Today, in an age of extreme competition, the difficulty for item designers is to remain in advance of the pack as well as not just walk in lockstep with it. This ups the stake for system designers to innovate with distinguished products.
One crucial way to innovate is with high-density layouts. In the promote smaller-footprint options, power system developers are now concentrating on the concern of power density– the result power each of location or volume of a power converter circuit.
The most noticeable instance of DC/DC converter printed motherboard (PCB) design for high density relates to power phase part placement and transmitting. Cautious format can accompany far better changing efficiency, reduced part temperature levels as well as reduced electro-magnetic interference (EMI) trademarks. Think about the power phase format as well as schematic in Figure 1.
Figure 1: Four-switch buck-boost converter power stage layout as well as schematic
As I see it, these are the difficulties when designing high-density DC/DC converters:
● Component modern technology. Developments in element modern technology are key to minimizing total power dissipation, especially at greater switching frequencies important for filter passive component size reduction. For instance, power MOSFETs have actually seen regular advances in silicon as well as packaging, most especially with the introduction of gallium nitride (GaN) power tools with really low parasitics. Magnetic element performance has actually advanced individually, albeit at a rate arguably delaying that of power semiconductors. Prudent layout of the steering IC– with integrated, adaptive entrance motorists near the MOSFETs– in most cases prevents the demand for switch-node voltage slew-rate modification making use of power-dissipating snubber or entrance resistor components.

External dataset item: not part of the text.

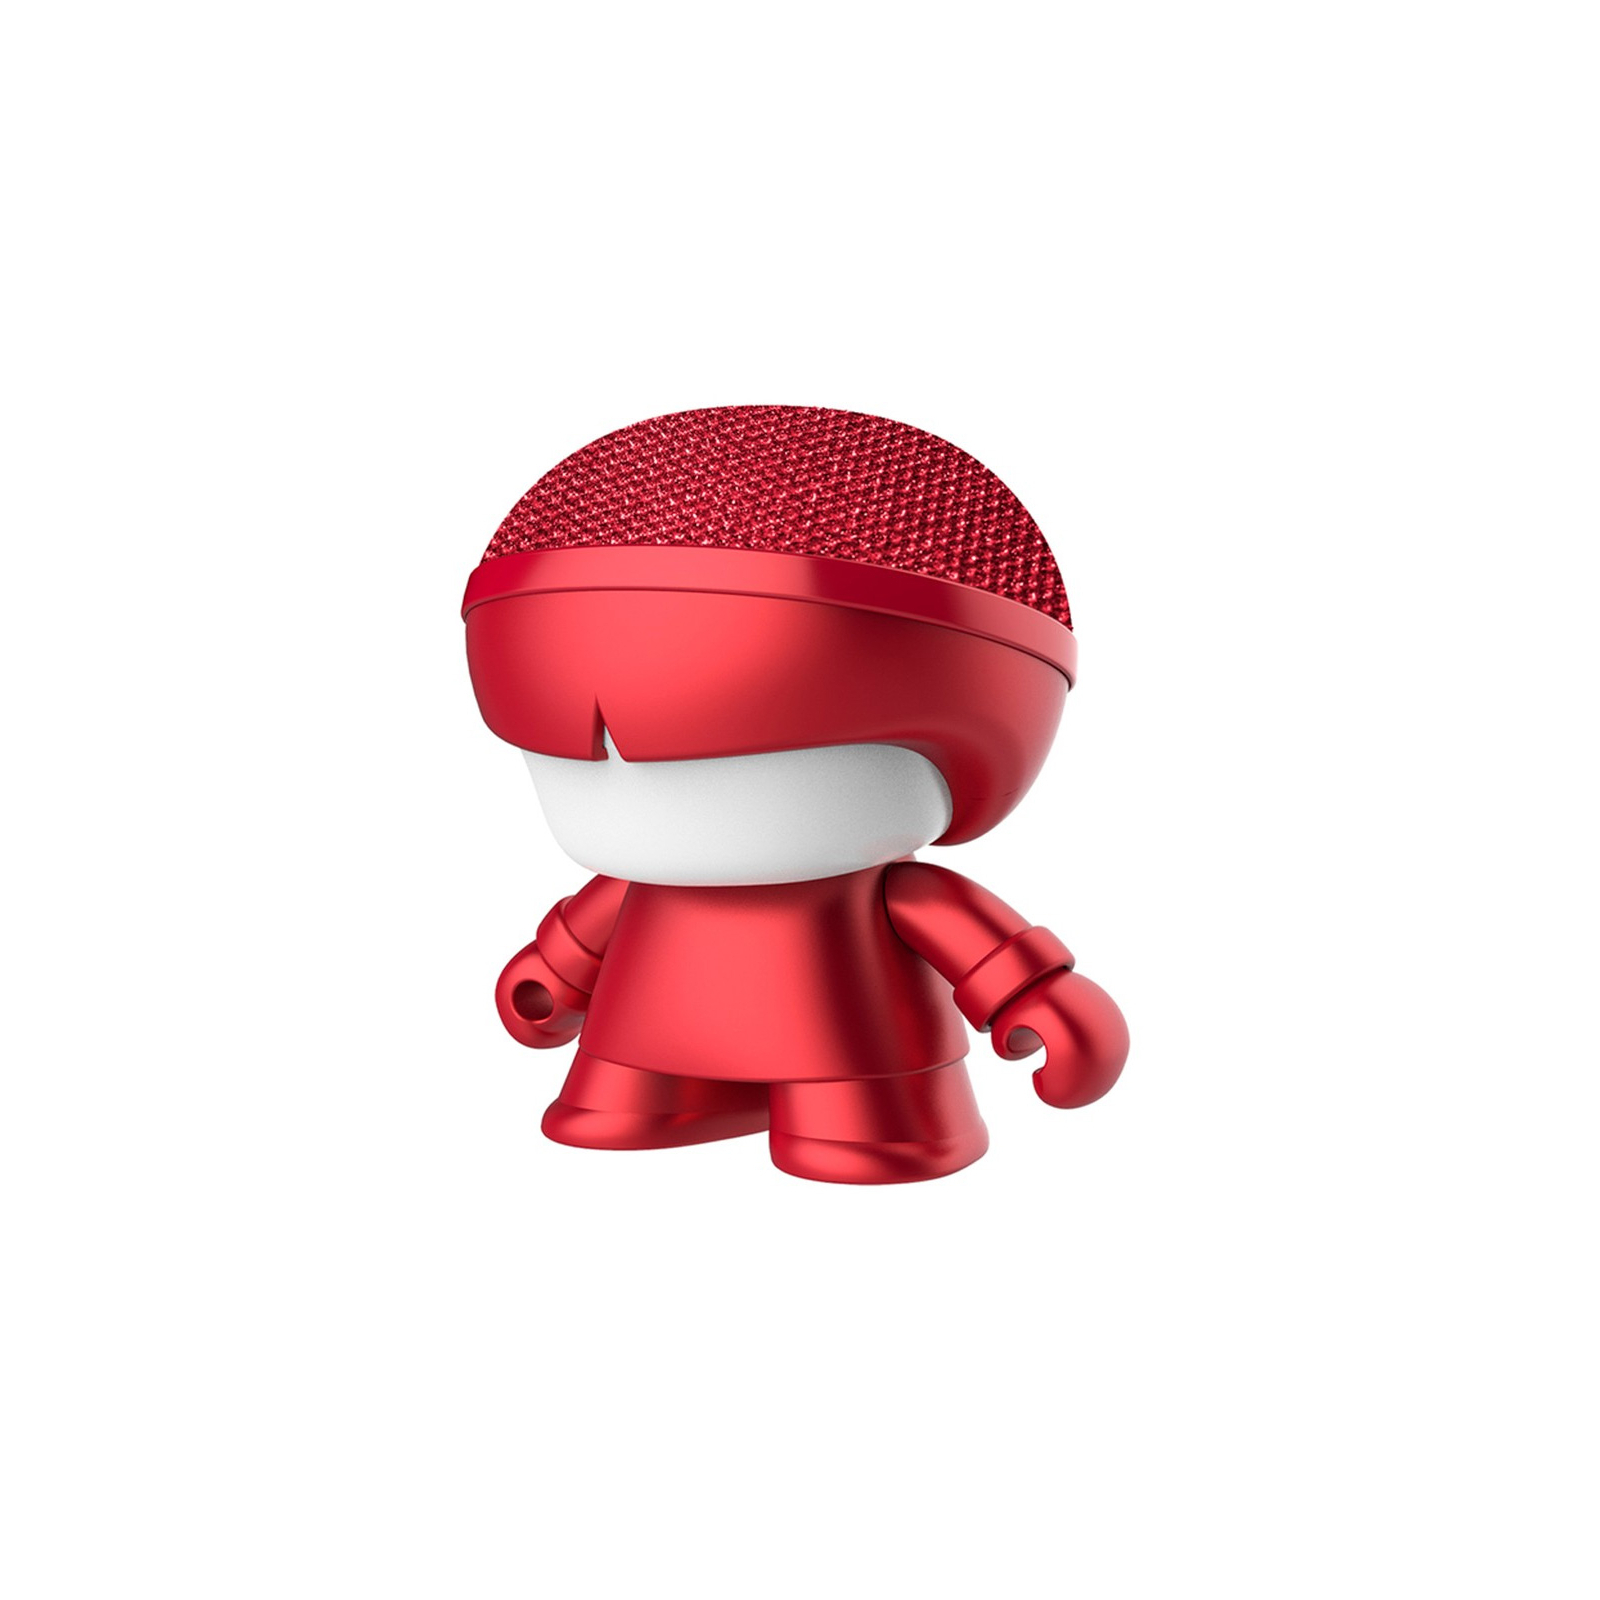 Интерактивная игрушка Xoopar Акустическая система Mini Xboy Металлик Red (XBOY81001.15М)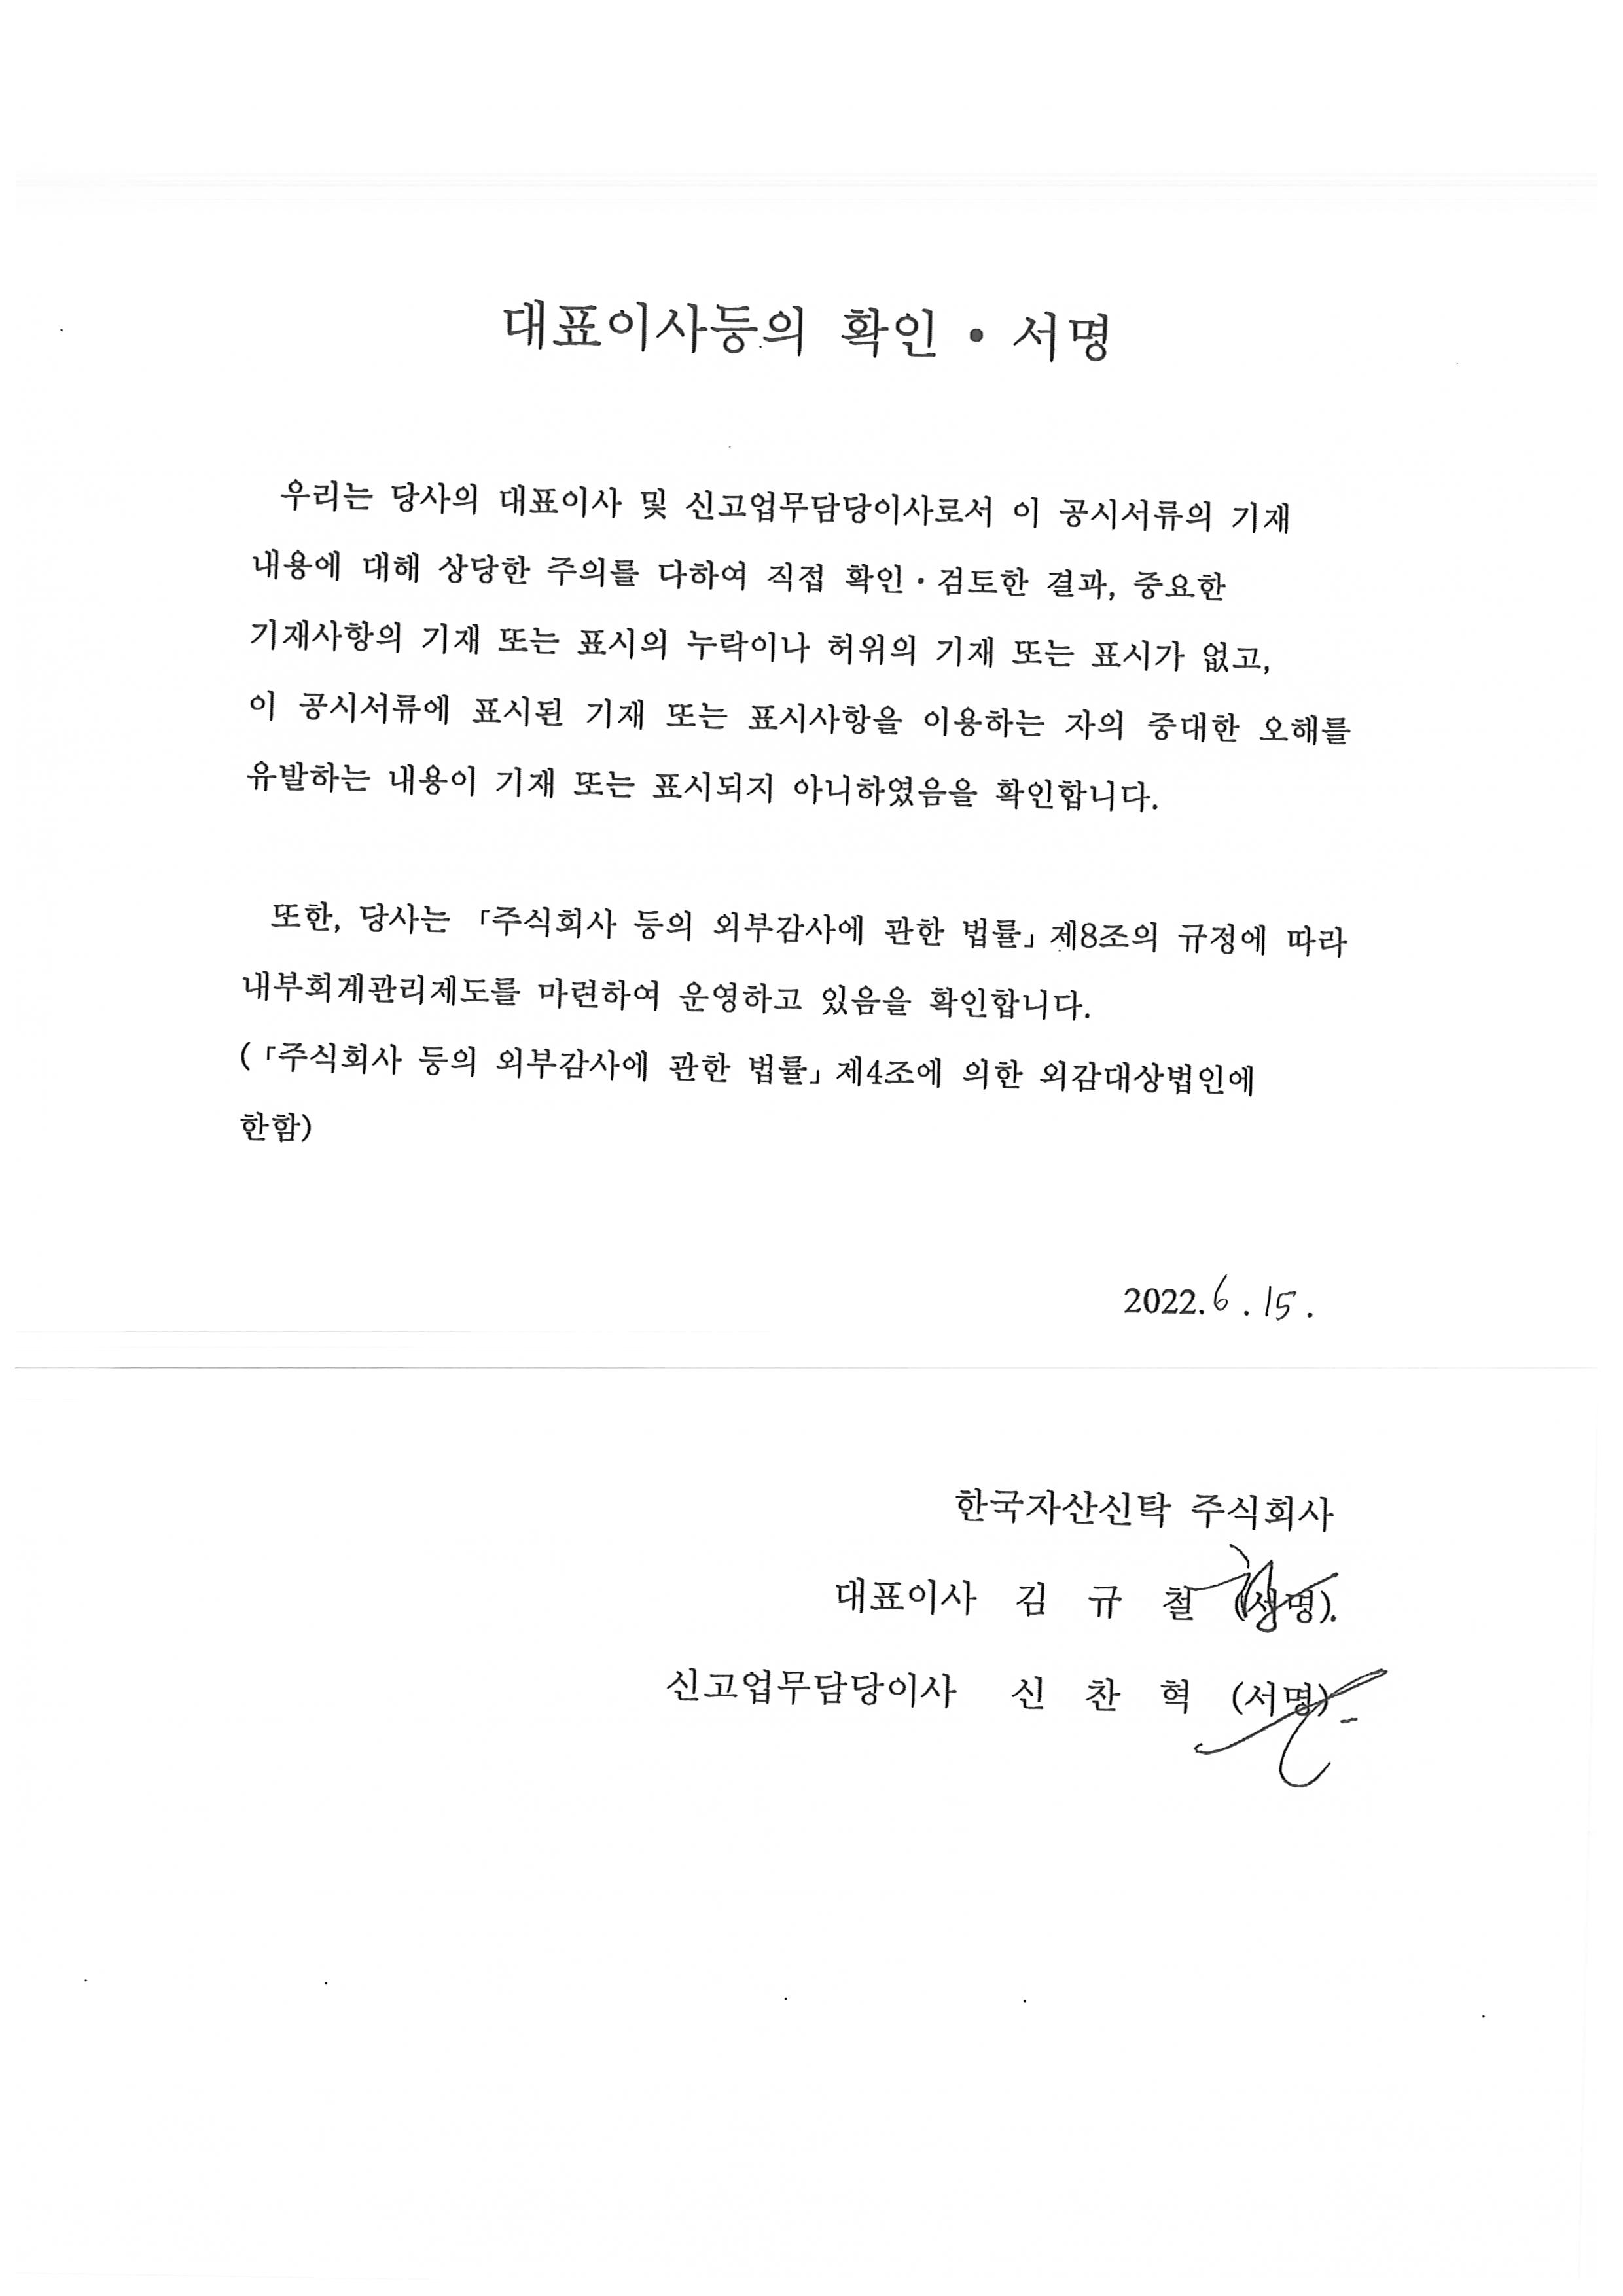 한국자산신탁] [정정]증권신고서(채무증권)

● Thermal design. While a high-density layout is typically favorable for conversion performance, it might produce a thermal performance bottleneck. The very same power dissipation in a smaller sized footprint comes to be illogical. Raised component temperature levels enhance worries of higher failing rates and also dependability. Lower-profile power MOSFETs put on the top of the PCB– not airflow-shadowed by taller parts like the inductor andelectrolytic capacitors– help thermal performance with convective airflow. For the converter in Figure 1, the inductor and electrolytics are intentionally located under side of the multilayer PCB, since they would certainly restrain heat transfer if put on the top.
● EMI performance. EMI regulatory conformity is an essential landmark in a product’s design cycle. A high-density design commonly has little space available for EMI filtering system. Tight format boosts radiated exhausts as well as immunity to inbound disruptions. Two necessary steps are to lessen loop locations consisting of high di/dt currents (see the white existing paths in Figure 1) and also lower surface locations with high dv/dt voltages (see the SW1 and SW2 copper polygons in Figure 1).
● High-density PCB design flow. Clearly, it’s crucial for power system developers to establish and develop their PCB design abilities. Although the format duties are usually handed over to design experts, engineers still bear the utmost duty to examine the design and accept it.
With these difficulties in mind, I recently wrote a three-part series for EDN labelled “DC/DC Converter PCB Layout” that dives into PCB layout carefully. It consists of a listing of PCB design standards structured as a list to assist designers throughout design. The important steps in the PCB design flow for DC/DC converters are:
1. Select the PCB framework and stack-up spec.
2. Determine the high di/dt current loopholes and also high dv/dt voltage nodes from the schematic.
3. Execute power phase component format and also positioning.
4. Place the steering IC and also complete the steering section format.
5. Perform essential trace routing, consisting of MOSFET entrance drive, existing feeling, as well as output-voltage feedback.
6. Design the power and also GND planes.